Monday, January 26, 2015

Chromosome Squash

    Someone said thorax at the lab recently, and I made a note to write down my related anecdote – I've already forgotten the context in which it was used in the lab, but the word thorax invariably takes me way back to my Cell Biology class junior year in college.
     Cell Biology was a great class – the teacher, Dr. Joan Lorch, was someone who cared about what and who was at each end of the microscope, and you have to admire that in a teacher! Not only was I learning a lot about a subject I was enjoying very much, but I was doing well in it too! Eager to keep up the momentum I plunged into each new unit determined to master the information. It also meant mastering the skills involved in the lab.        College labs had never been my most shining moments, hence the irony in working at labs for years and years since then – I'll have to keep at it until I get it right! And one day we started a unit on genetics – at the cellular level and lower – the chromosomal level.
In lab we were going to do what was called a chromosome squash – an insect with particularly big testes would be used, and if we did the squash correctly, we would be able to view the chromosomes in the light microscope. The insects we would be using were male crickets – I do not recall the Genus or species – just male crickets. We would be dissecting out the testes which are in the abdomen of the cricket.
     Well, I received my cricket and went to work removing the testes according to the directions in the lab manual. Then I proceeded with the chromosome squash – the steps of which are completely forgotten by now – and put the finished slide under the microscope to view!

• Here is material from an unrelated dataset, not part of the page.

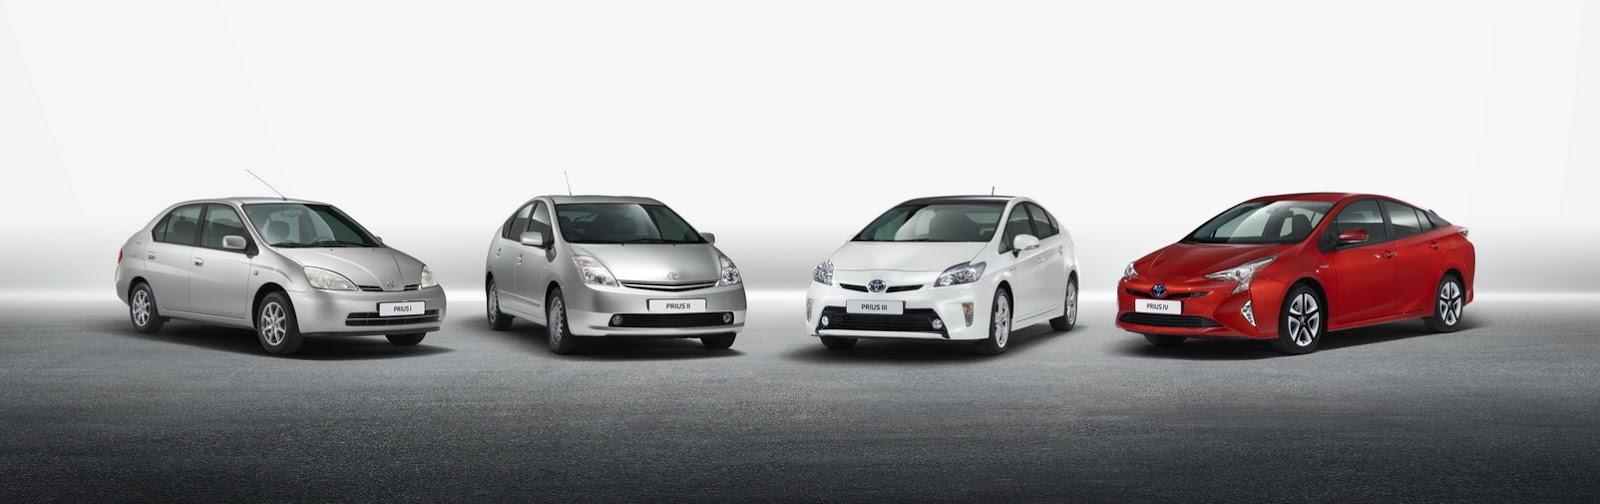 Nuova-Toyota-Prius-2016-13
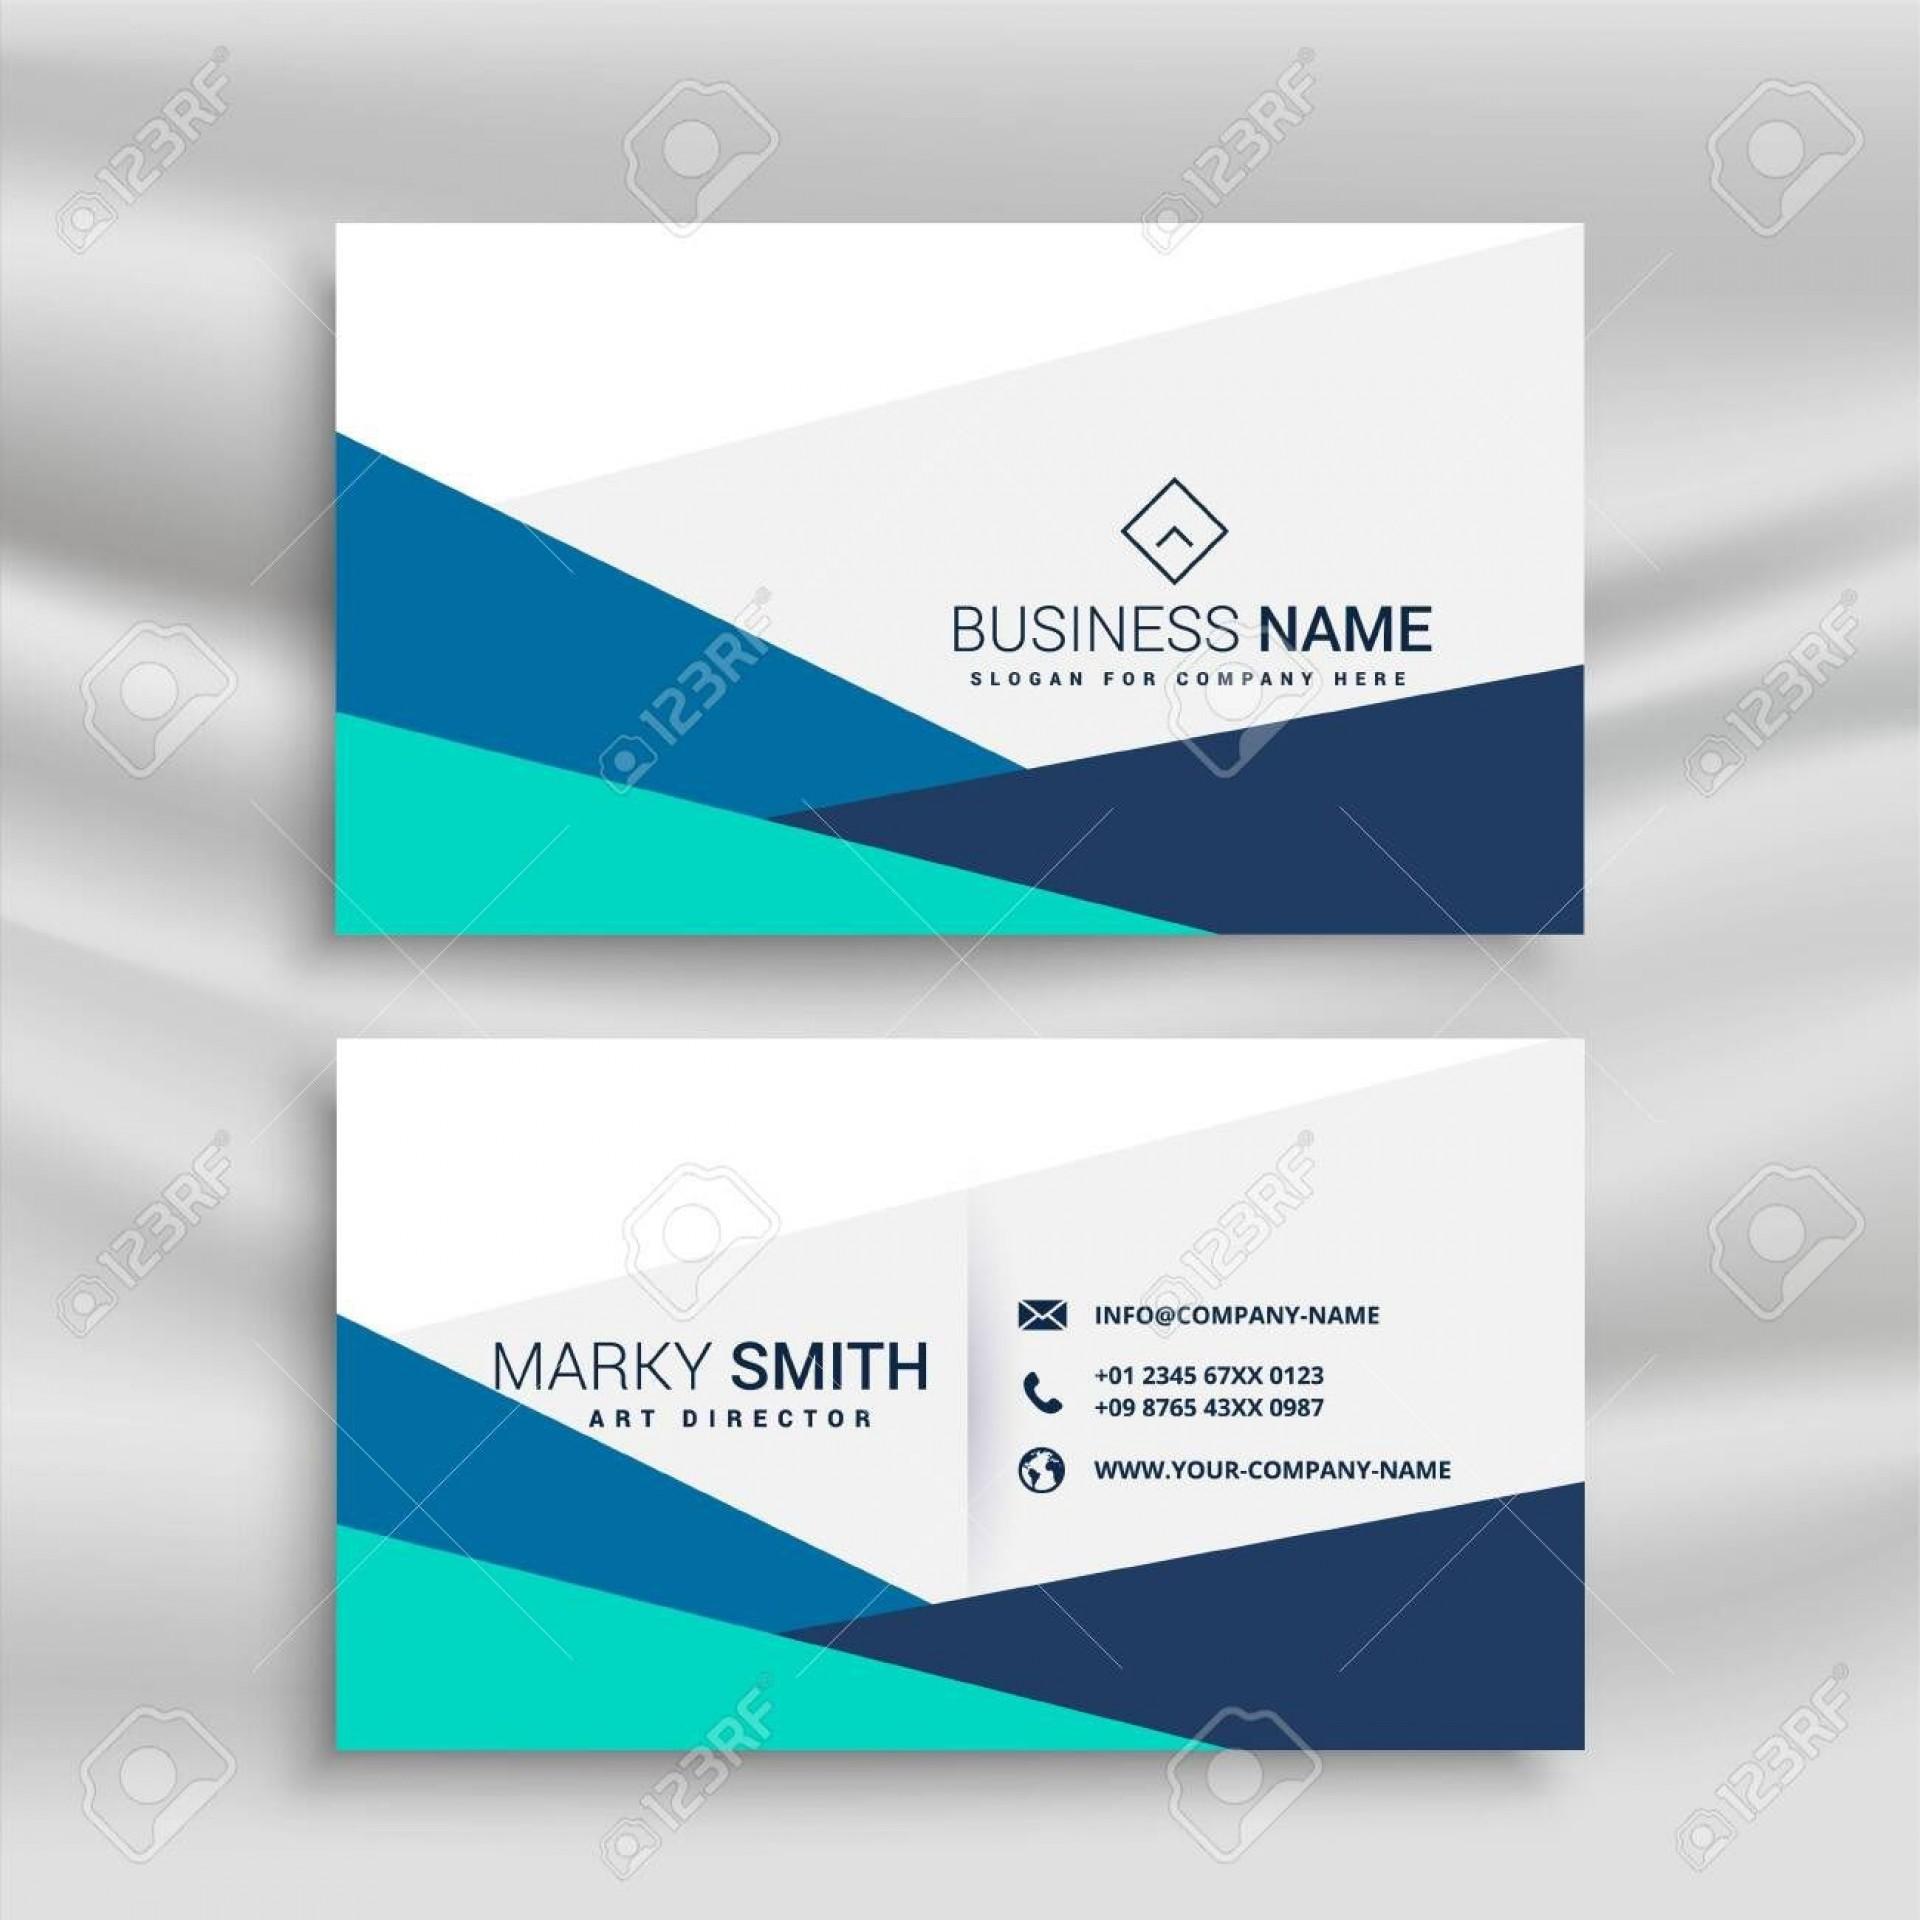 001 Sensational Simple Visiting Card Design Example  Busines Idea Psd File Free Download1920

     What I saw on the slide was not what I was expecting as per the pictures in the instructions. Dr. Lorch happened by – looking at everyone else's chromosome squashes through their microscopes. So she looked at my slide. And when Dr. Lorch straightened up she smiled a grandmotherly smile and said, “You have beautiful cells of the cricket's thorax on your slide; no chromosomes.” I was mortified. She asked how I had missed the testes – they are bigger than anything else in the cricket's body! Classmates were muttering the predictable comments about my not knowing where the testes of any male are – and I deserved that. I don't recall being given a second cricket to work with that day.
     And I've been doomed to being haunted by the word thorax ever more!